PSİKOLOJİK GÜÇLENDİRME VE PSİKOLOJİK YIKIM ARAÇLARI OLARAK HAYAL ETMEK – FATİH BAYRAKTAR

Psikoloji biliminin etiğini öğretirken “Psikologlar zarar vermez” kuralıyla başlanır. Bununla ilişkili ve bir o kadar önemli kural “Psikologlar zulmedenin değil mağdurun yanında olmalıdır.” kuralıdır. Ancak Psikoloji tarihi bu kuralların doğrudan ihlal edildiği örneklerle doludur. En yakın zamanlı örneklerden biri Amerika’nın Irak işgali sırasında yaşandı. İşgali doğrudan destekleyenler arasında Amerikan Psikoloji Birliği’nin o dönemki başkanı vardı ve Irak’lılara yapılan psikolojik işgencelerin nasıl daha etkili olabileceği konusunda Amerikan askeri yetkililerini yönlendirdiği biliniyordu. Generallere Irak’lıların olumlu bir geleceği hayal etme becerilerini yıkmalarını, diğer bir deyişle hayali kabusa çevirmeleri gerektiğini öğütlüyordu. Böylece Irak’lıların direnme güçleri kırılacak, belki de işbirlikçi olacaklardı.

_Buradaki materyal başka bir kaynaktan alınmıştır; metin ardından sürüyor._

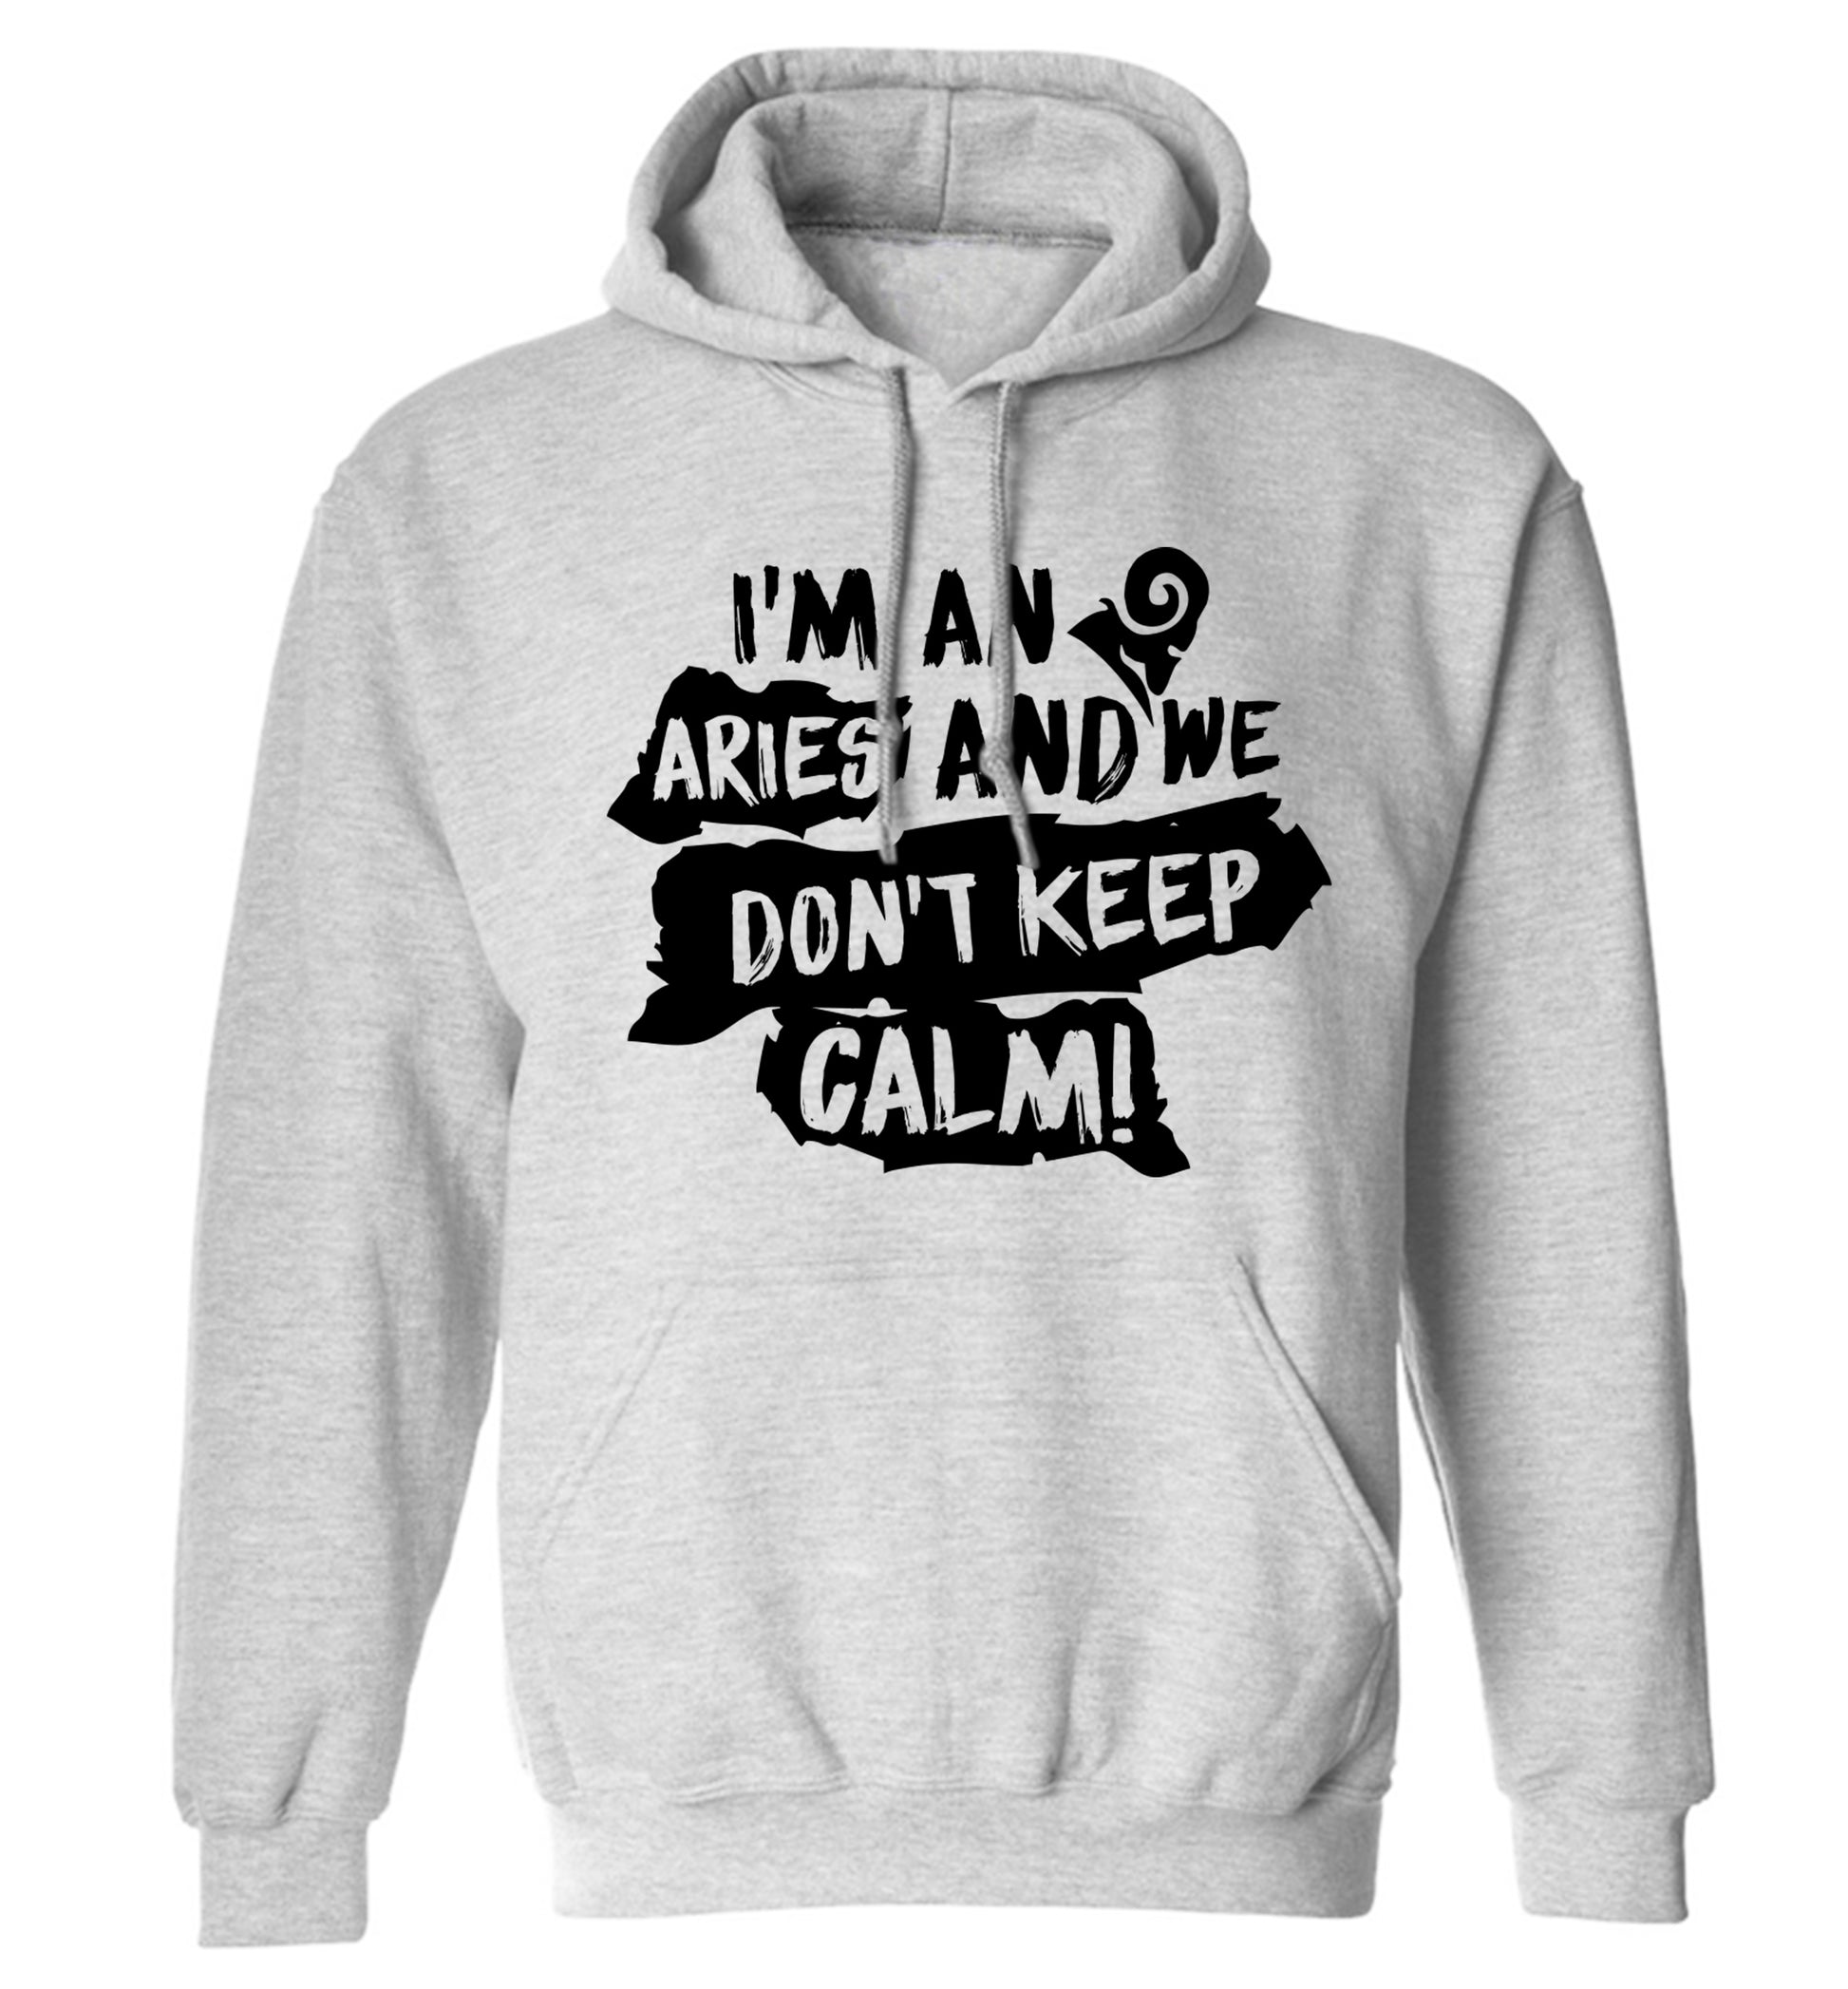 I'm an aries and we don't keep calm adults unisex grey hoodie 2XL
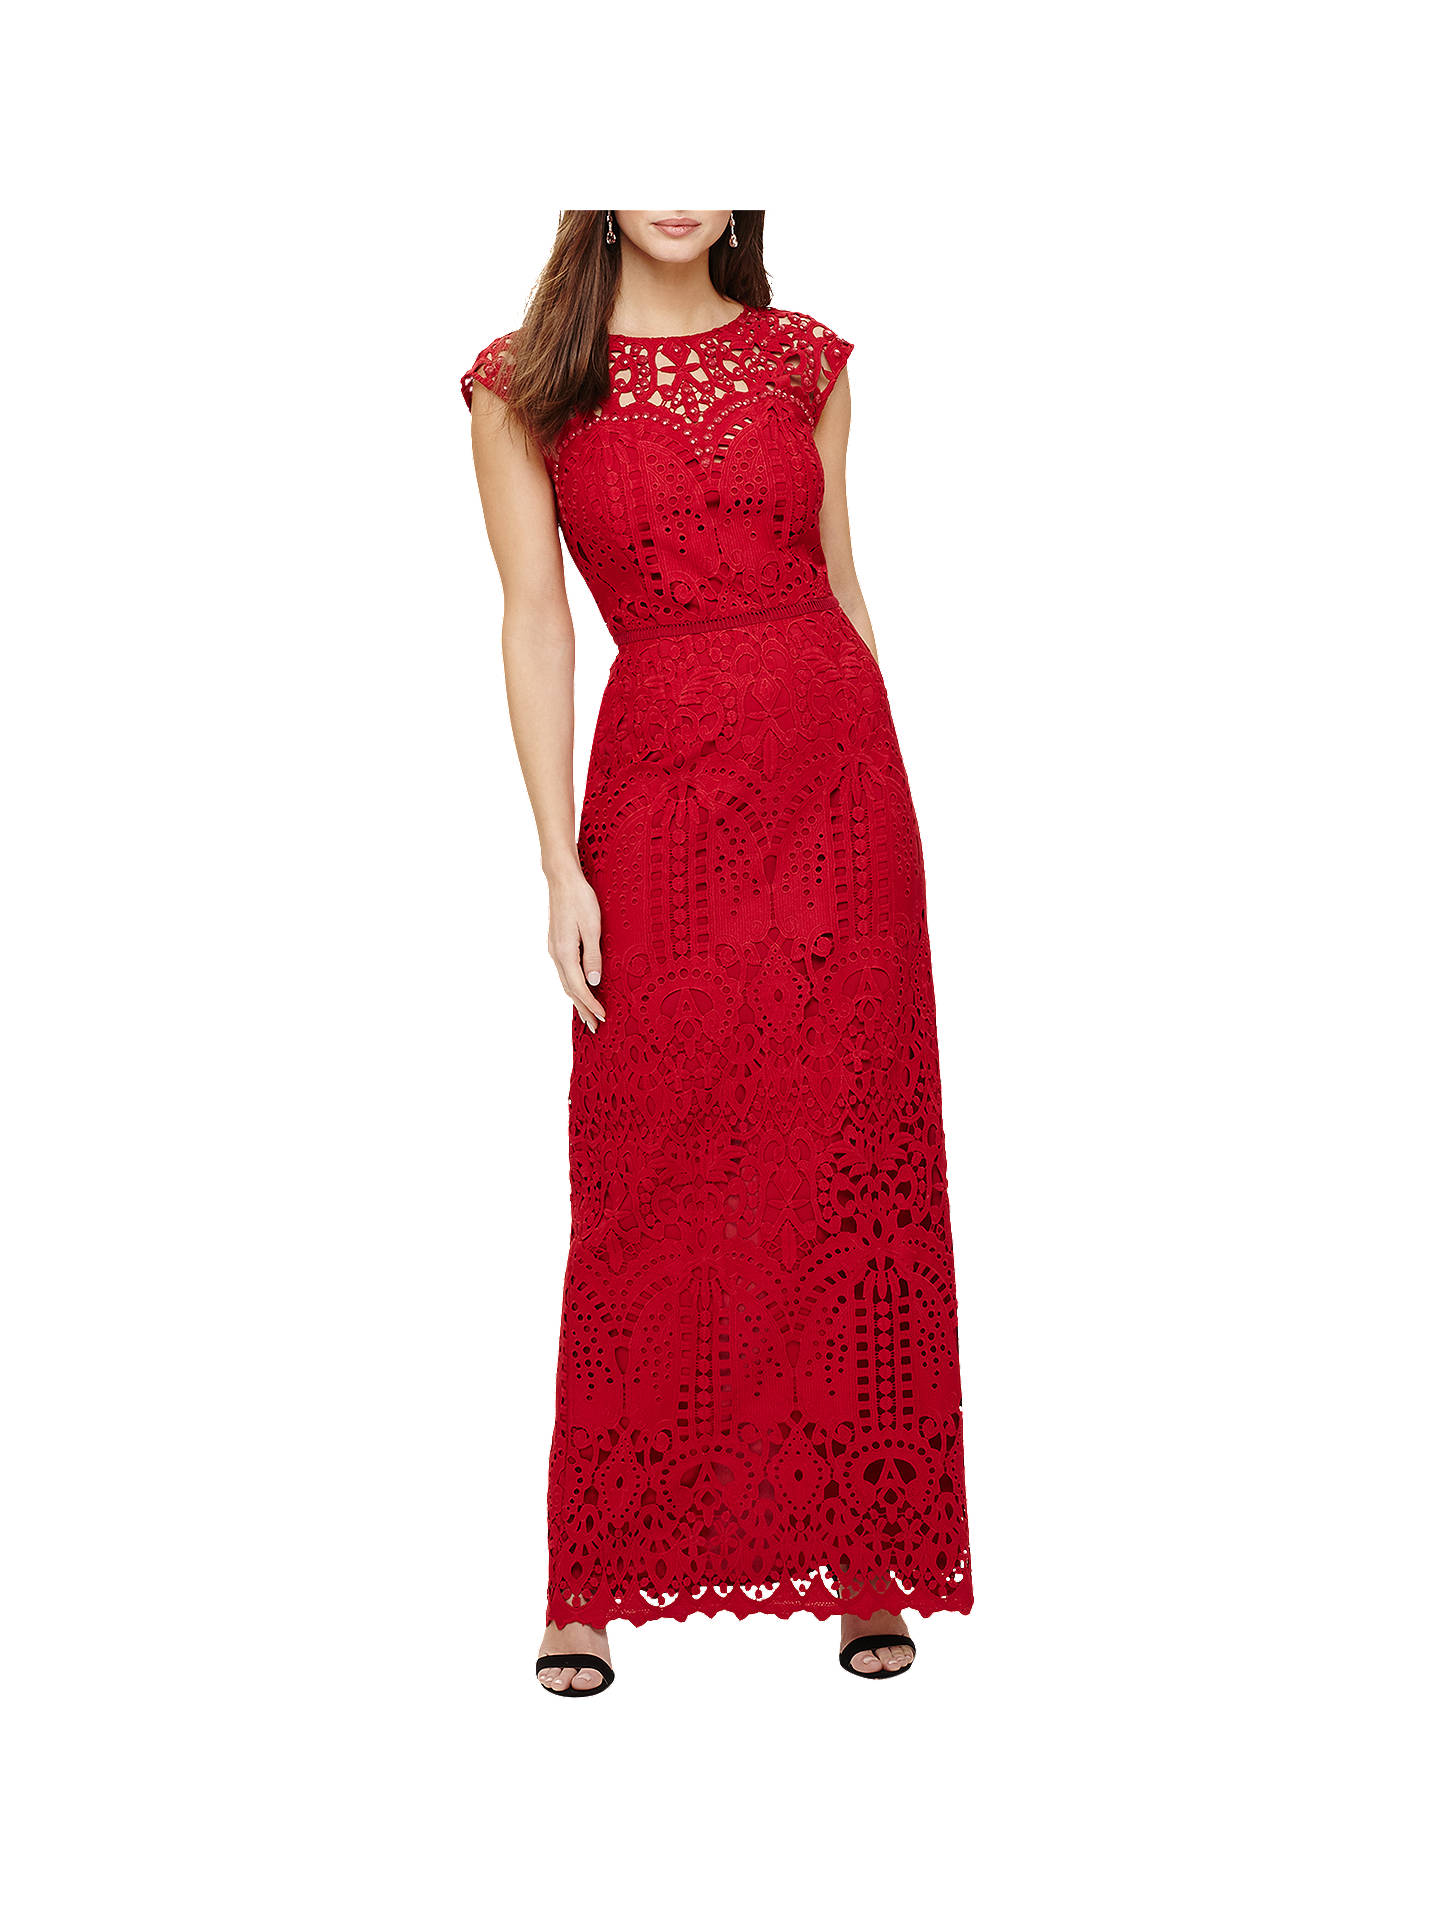 Phase Eight Collection 8 Gloria Lace Dress | Scarlet Red at John Lewis ...

1950’li yıllar. Donald Hebb; Psikolog; ABD’deki McGill Üniversitesi’nin Psikoloji Bölümü Başkanı. Hebb o dönem Kuzey Kore’de esir alınan Amerikan askerlerinin nasıl itiraf ettirildiklerinin sırrını çözmeye çalışıyor. Hipotezi beş duyu organımızla algıladıklarımızın uzun süre bloke edilmesi halinde benlik duygusunun kaybolmaya başladığı. Ona göre Amerikan askerleri de benlik ve gerçeklik duygusunu yitirerek işkencecilerinin tüm yönlendirmelerine açık hale geliyorlar. Bu hipotezini McGill Üniversitesi’nde öğrenim gören 63 öğrenci üzerinde sınıyor Hebb. Öğrenciler günlerce ellerinde ve kollarında temas duygusunu engelleyecek boru şeklinde kartonlarla, duymalarını engelleyecek kulak tıkaçlarıyla ve görmelerini tamamen engelleyen siyah gözlüklerle kapalı odalarda tutuluyorlar. Sürecin sonunda çoğu gerçeklik duygusunu yitirmeye ve halüsinasyonlar görmeye başlıyor. Deneycilerin kendilerine sürekli dinlettikleri propaganda içerikli ses kayıtları sonucunda daha önce inanmadıkları şeylere inanır oluyorlar. Hatta bu inanç değişikliği bir kısmında kalıcı hale geliyor. Diğer bir deyişle benliklerini yitirmeye başlıyorlar. Yani Hebb insanları duyu ve algılardan soyutluyor, onları hayal etmeye zorluyor, bu hayaller kabusa dönüşüyor.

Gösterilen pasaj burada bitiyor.